◆ Your assignment:
When writing out the listing below, reproduce every word exactly and skip the pictures.

◆ Dataset content:
■ ■ ■ ■ ■
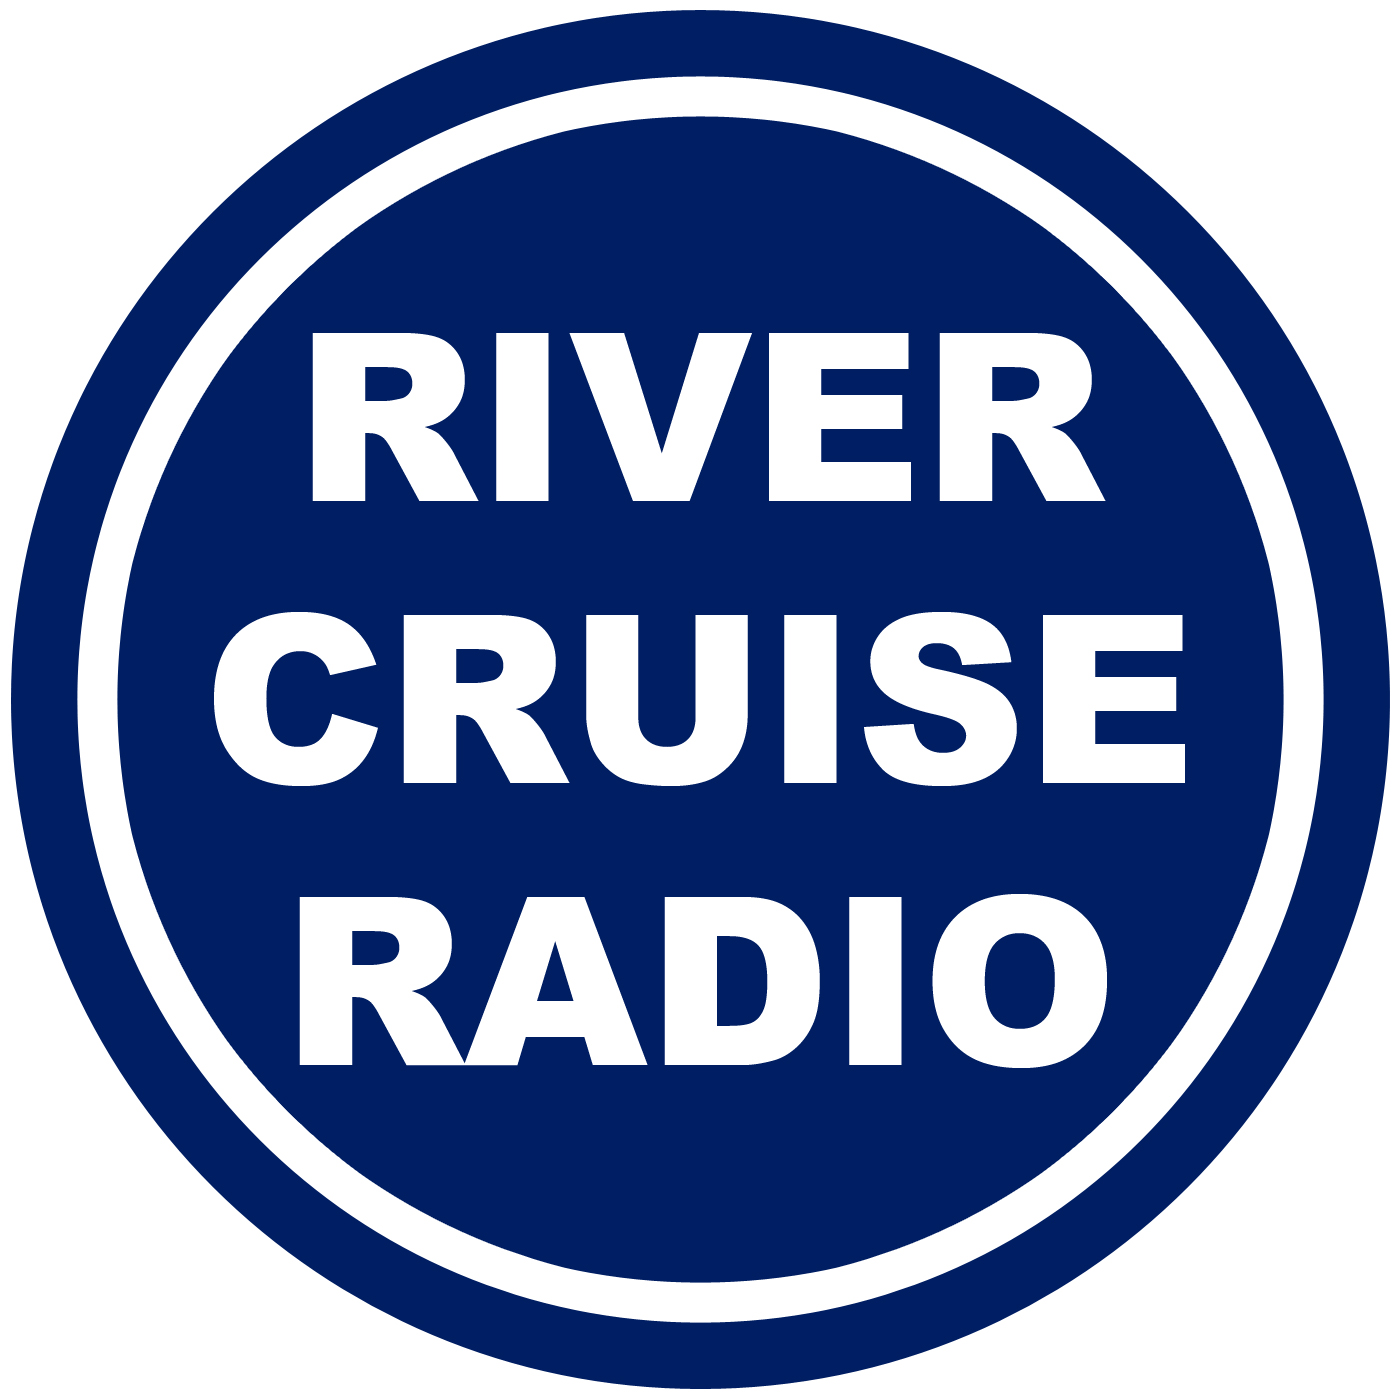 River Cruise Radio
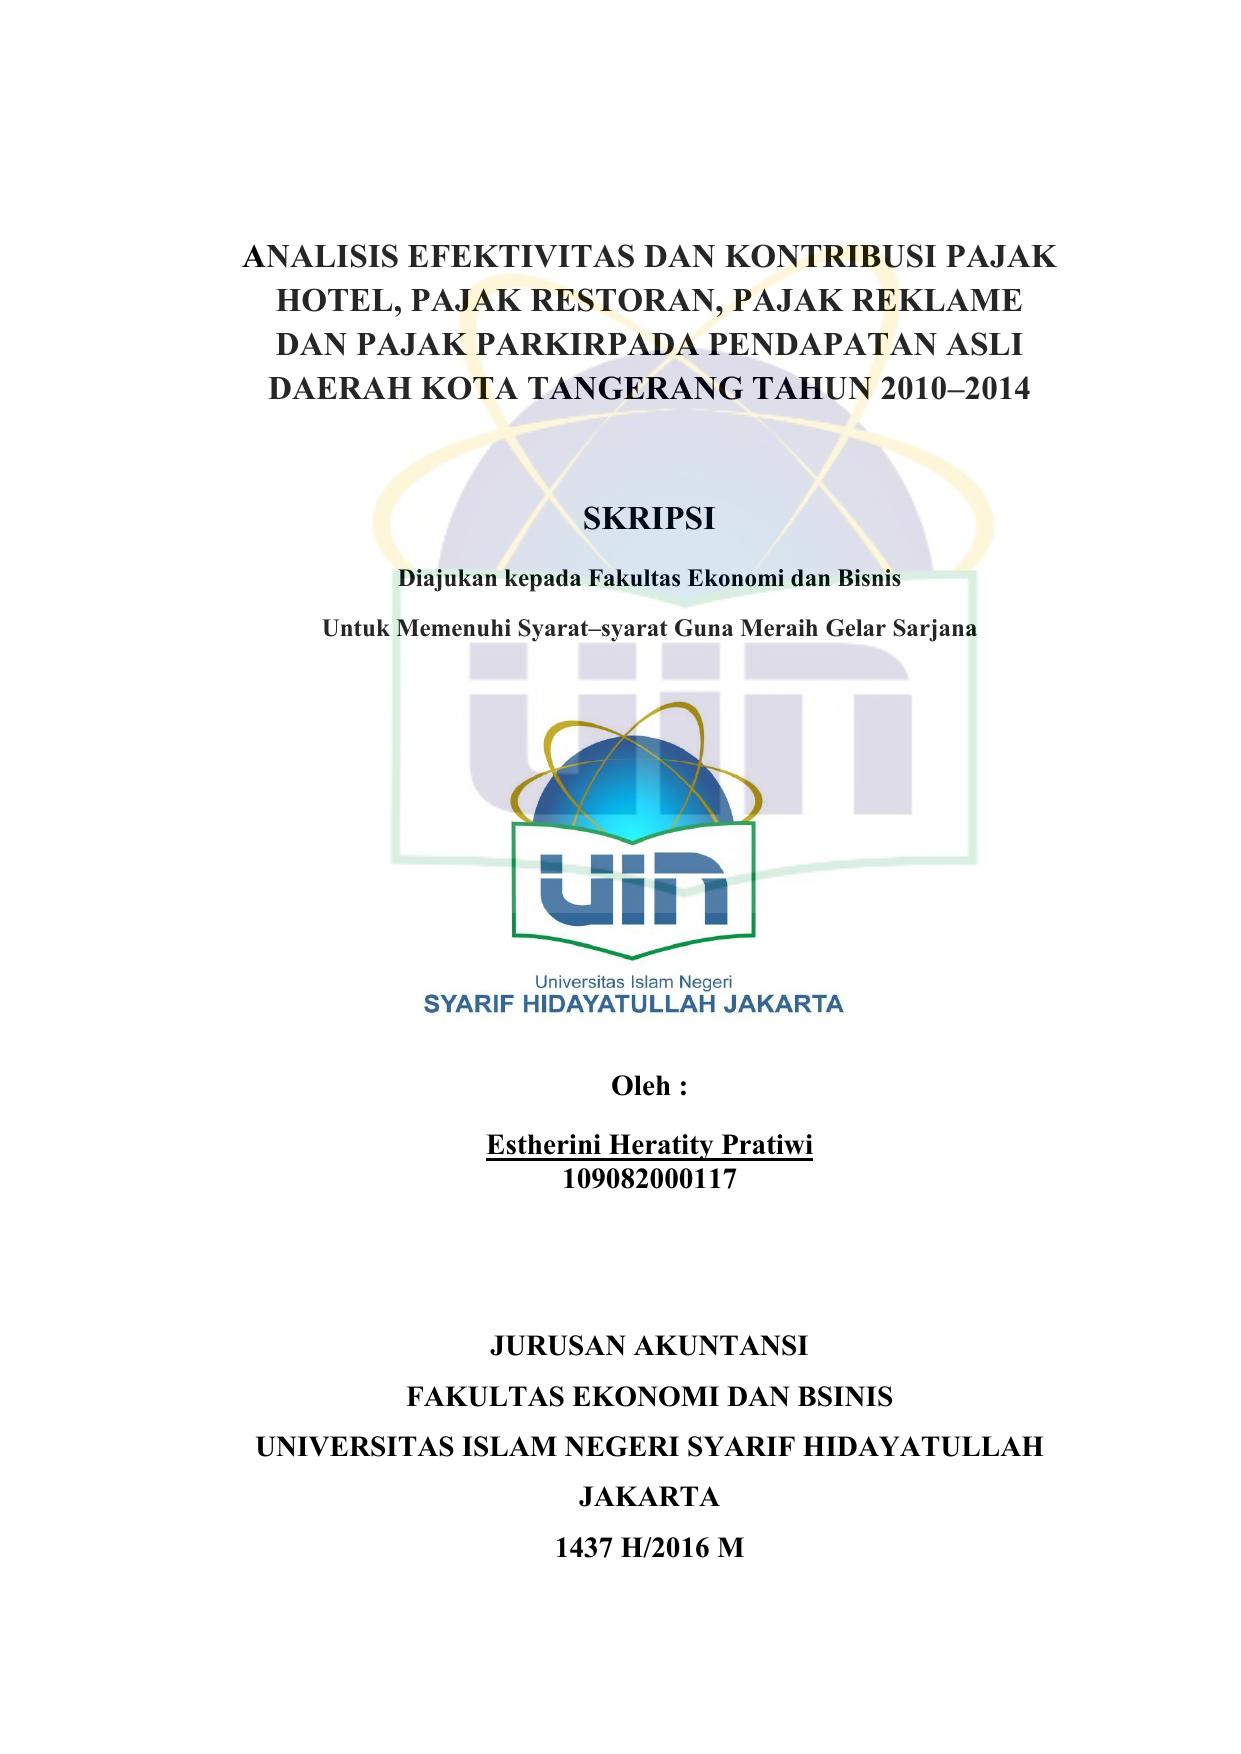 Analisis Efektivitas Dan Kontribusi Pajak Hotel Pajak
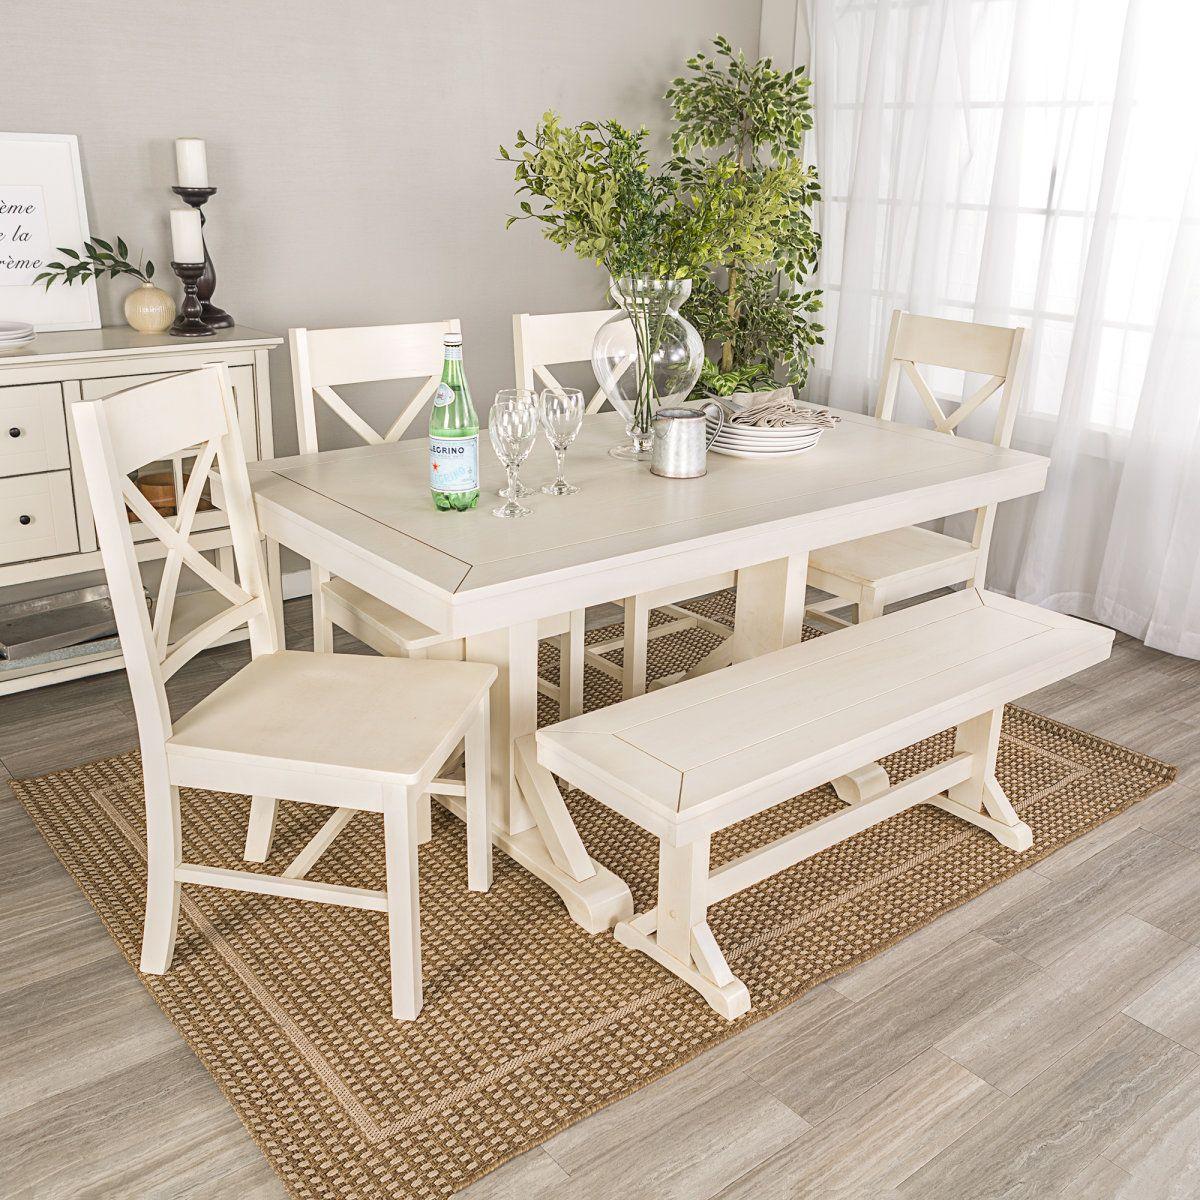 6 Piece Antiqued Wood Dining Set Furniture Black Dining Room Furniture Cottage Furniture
■ ■ ■ ■ ■
◆ Answer to the problem:
 River Cruise Radio
 Analisis Efektivitas Dan Kontribusi Pajak Hotel Pajak
 6 Piece Antiqued Wood Dining Set Furniture Black Dining Room Furniture Cottage Furniture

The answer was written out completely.